For the sake of clarity and simplicity, the best way to understand global stratification is to think of the world composed of three categories of nations, based on their degree of wealth or poverty, their level of industrialization and economic development, and related factors. Over the decades, scholars and international organizations such as the United Nations and World Bank have used various classification systems containing three categories.
One of the first typologies came into use after World War II and classified nations as falling into the First World, Second World, and Third World. The First World was generally the western, capitalist democracies of North America and Europe and certain other nations (Australia, New Zealand, Japan). The Second World was the nations belonging to the Soviet Union, while the Third World was all the remaining nations, almost all of them from Central and South America, Africa, and Asia. Although this classification was useful for several reasons, the demise of the Soviet Union by the end of 1991 caused it to fall out of favor.
A replacement typology placed nations into developed, developing, and undeveloped categories, respectively. Although this typology was initially popular, critics said that calling nations “developed” made them sound superior, while calling nations “undeveloped” made them sound inferior. Although this classification scheme is still used, it, too, has begun to fall out of favor.
Today a popular typology simply ranks nations into groups called wealthy (or high-income) nations, middle-income nations, and poor (or low-income) nations. This classification has the advantage of being based on the most important economic difference among the nations of the world: how much income and wealth they have. At the risk of being somewhat simplistic, the other important differences among the world’s nations all stem from their degree of wealth or poverty. Figure 6.23 "Global Stratification Map" depicts these three categories of nations (with the middle category divided into upper middle and lower middle). The world is indeed stratified to a very great degree.
Figure 6.23 Global Stratification Map
Source: Adapted from UNEP/GRID-Arendal Maps and Graphics Library. (2009). Country income groups (World Bank classification). Retrieved from http://maps.grida.no/go/graphic/country-income-groups-world-bank-classification.

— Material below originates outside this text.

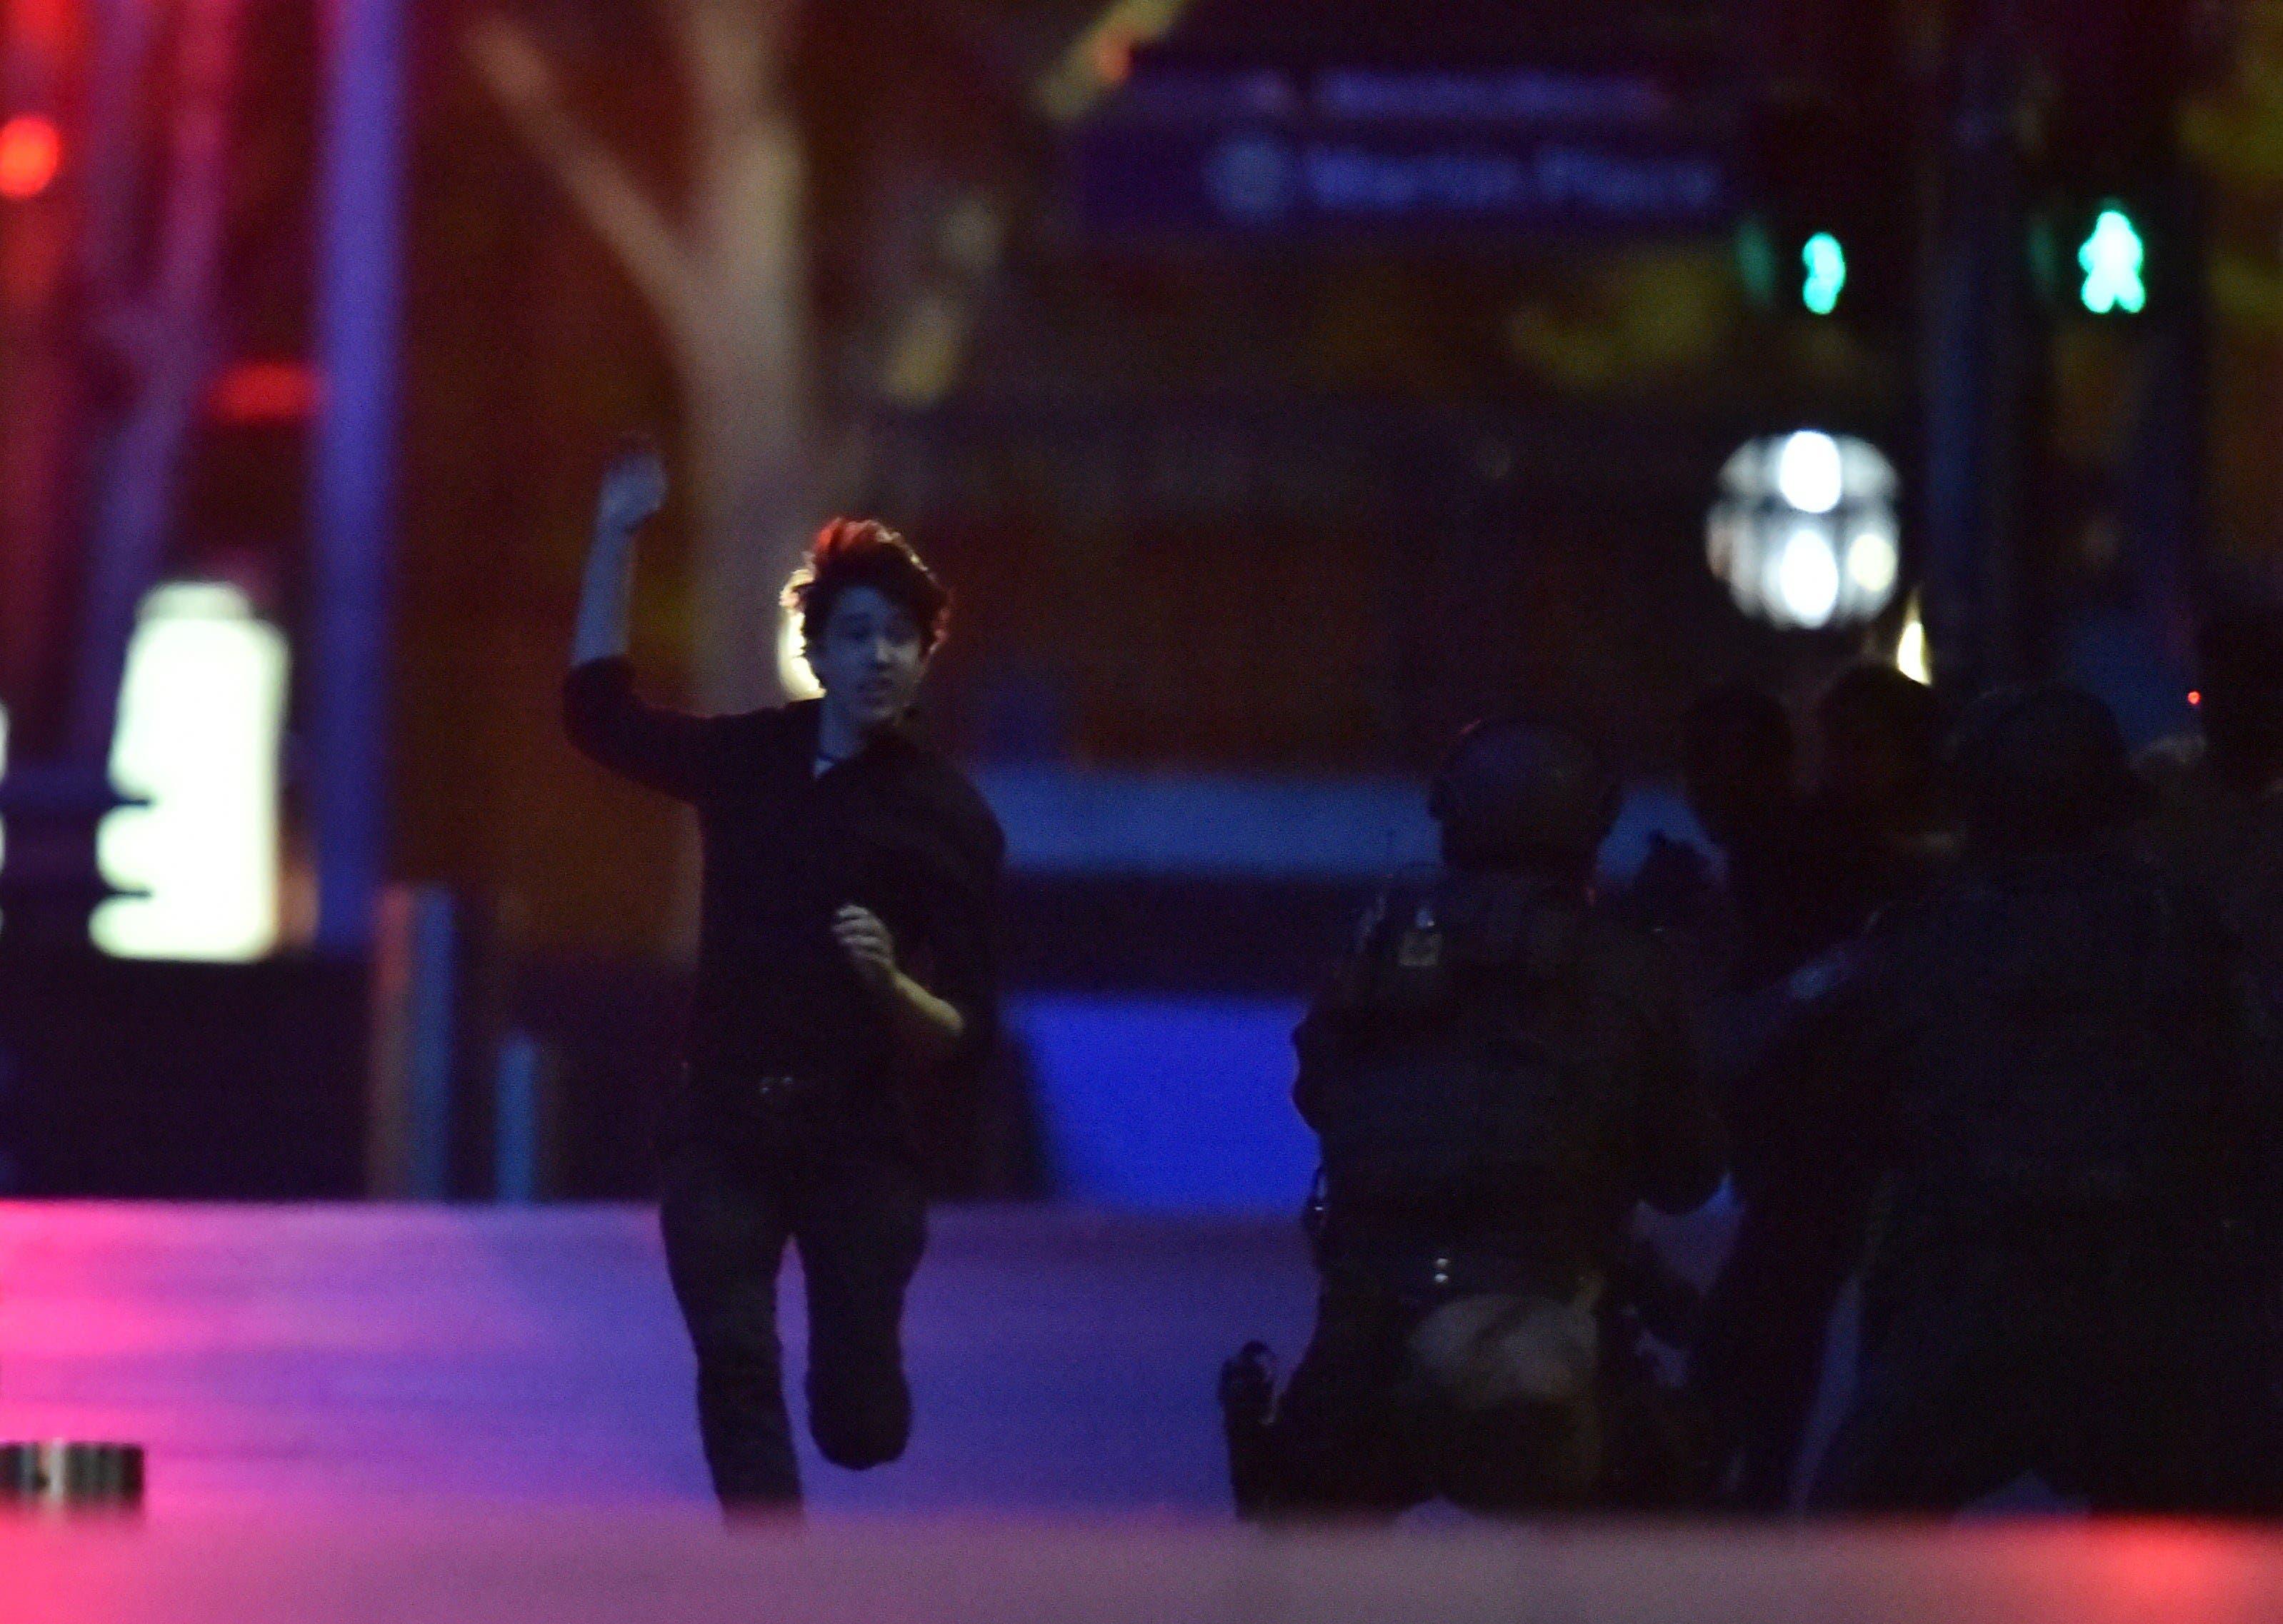 Police end Sydney siege

The wealthy nations are the most industrialized nations, and they consist primarily of the nations of North America and Western Europe; Australia, Japan, and New Zealand; and certain other nations in the Middle East and Asia. Many of them were the first nations to become industrialized starting in the 19th century, when the Industrial Revolution began, and their early industrialization certainly contributed to the great wealth they enjoy today. Yet it is also true that many Western European nations were also wealthy before the Industrial Revolution, thanks in part to the fact that they had been colonial powers and acquired wealth from the resources of the lands that they colonized.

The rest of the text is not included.